Even if FOH is stereo, and one of the same reasons 'stereo' is problematic for a lot of live applications, is twofold; Most people in a audience don't 'hear' both sides of the PA. 'Hear in quotes because even if you're getting sound from both sides, because of the distances Hass' has already stepped into the equation-
So, in any of these applications with any few feet offset distance -or delay (1 or 2 ms is all it takes) a) precedence effect is already in there, and b) even with a mono signal, you already have the faux stereo/delay effect going.

Around and around you go now. :D
 
Anyone know of a way to make a signal appear in Mono but disappear in stereo?

I thought that it might be fun to have two completely different guitar parts in the same song... and depending on what you listened with it would change.

I explained my idea to the bass player in my band, who said it's likely impossible before he got a nosebleed.

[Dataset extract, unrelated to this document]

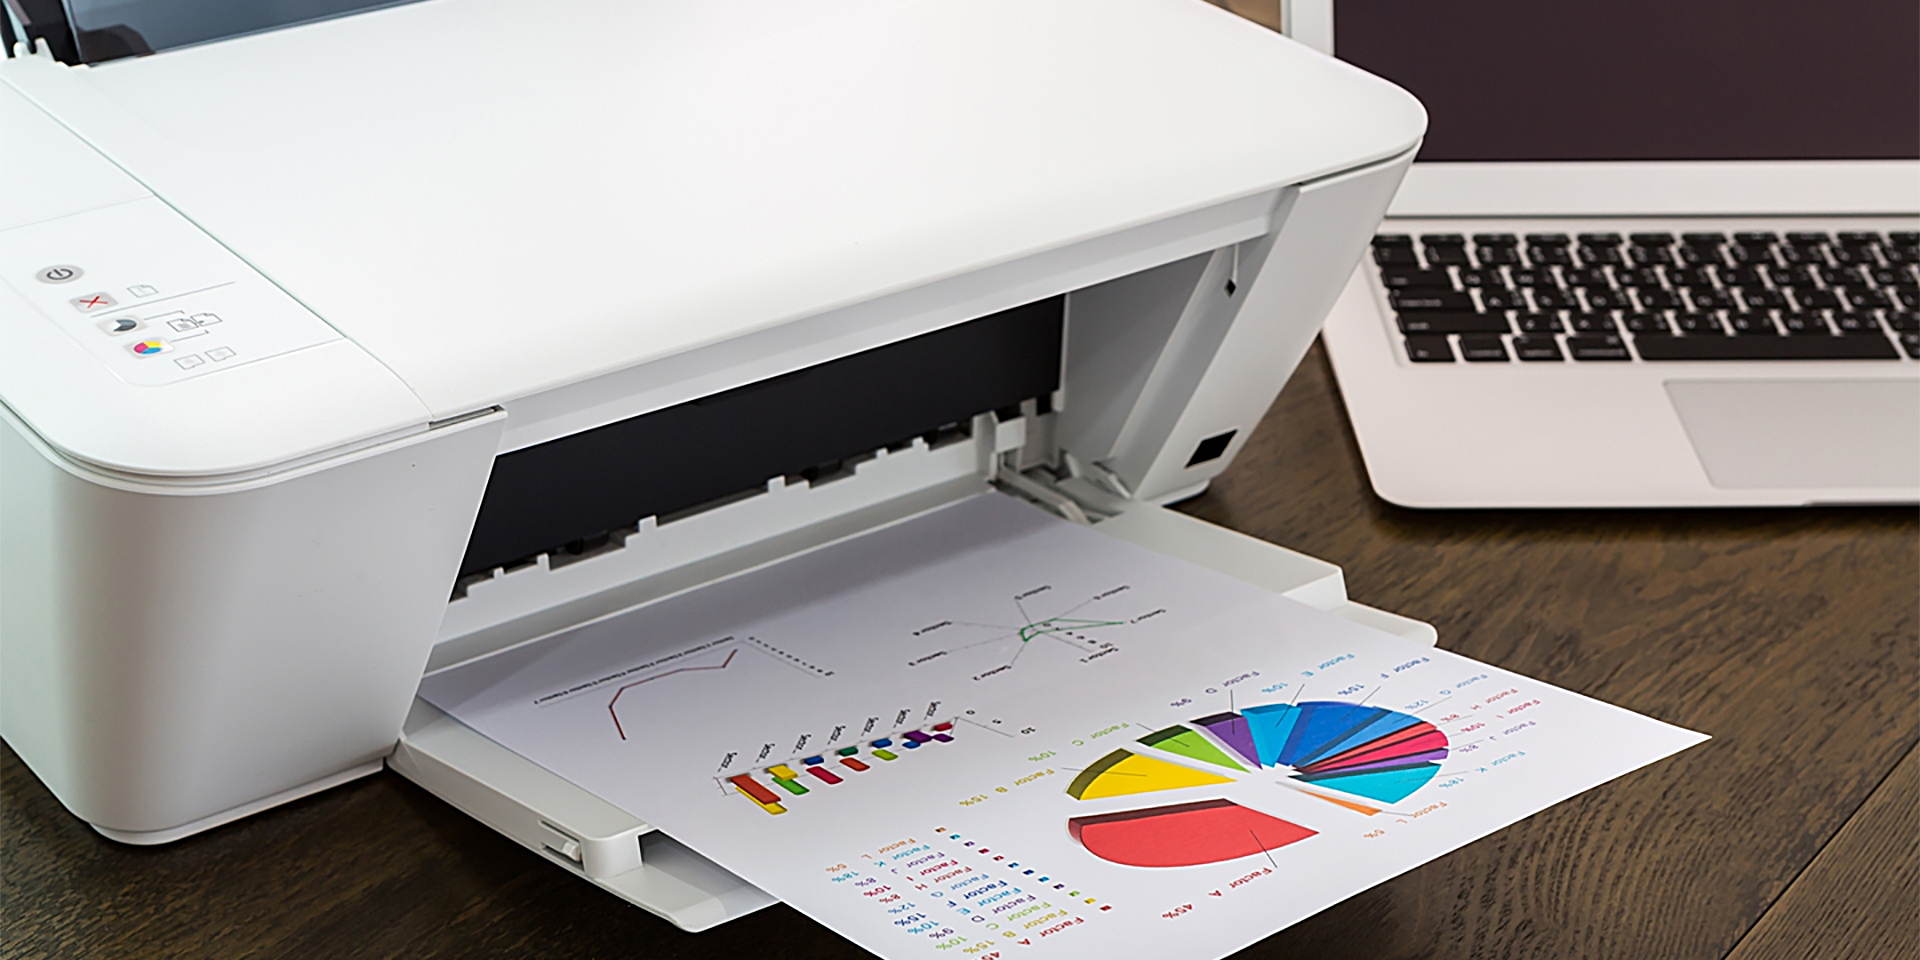 How to Print Double-Sided on a Mac With Any Printer

Which made me think of David Bowie in the Prestige... "What you are asking for is not impossible... it is merely expensive."
 
Anyone know of a way to make a signal appear in Mono but disappear in stereo?
Off the top of my head, you would need to have one guitar part 180 degrees out of phase between both speakers. The other guitar part in mono turned down in the mix so you don't notice it in stereo. When listened to in mono, the 'stereo' guitar would disappear and the mono one would be left. When listened to in stereo, the mono guitar would be masked by the other stuff in the mix.
 
I guess it would be possible, but someone earlier made the point that probably 99% of people wouldn't notice. It definitely wouldn't work live... the environment just isn't controlled enough. Depending on who your sound guy is live, it probably is best to not make it too complicated. I'm a big believer in making the guitar sound good coming out of the speakers... and just get a good mic in front of it positioned properly. Even then a horrible sound guy can screw it up for you, or even the venue.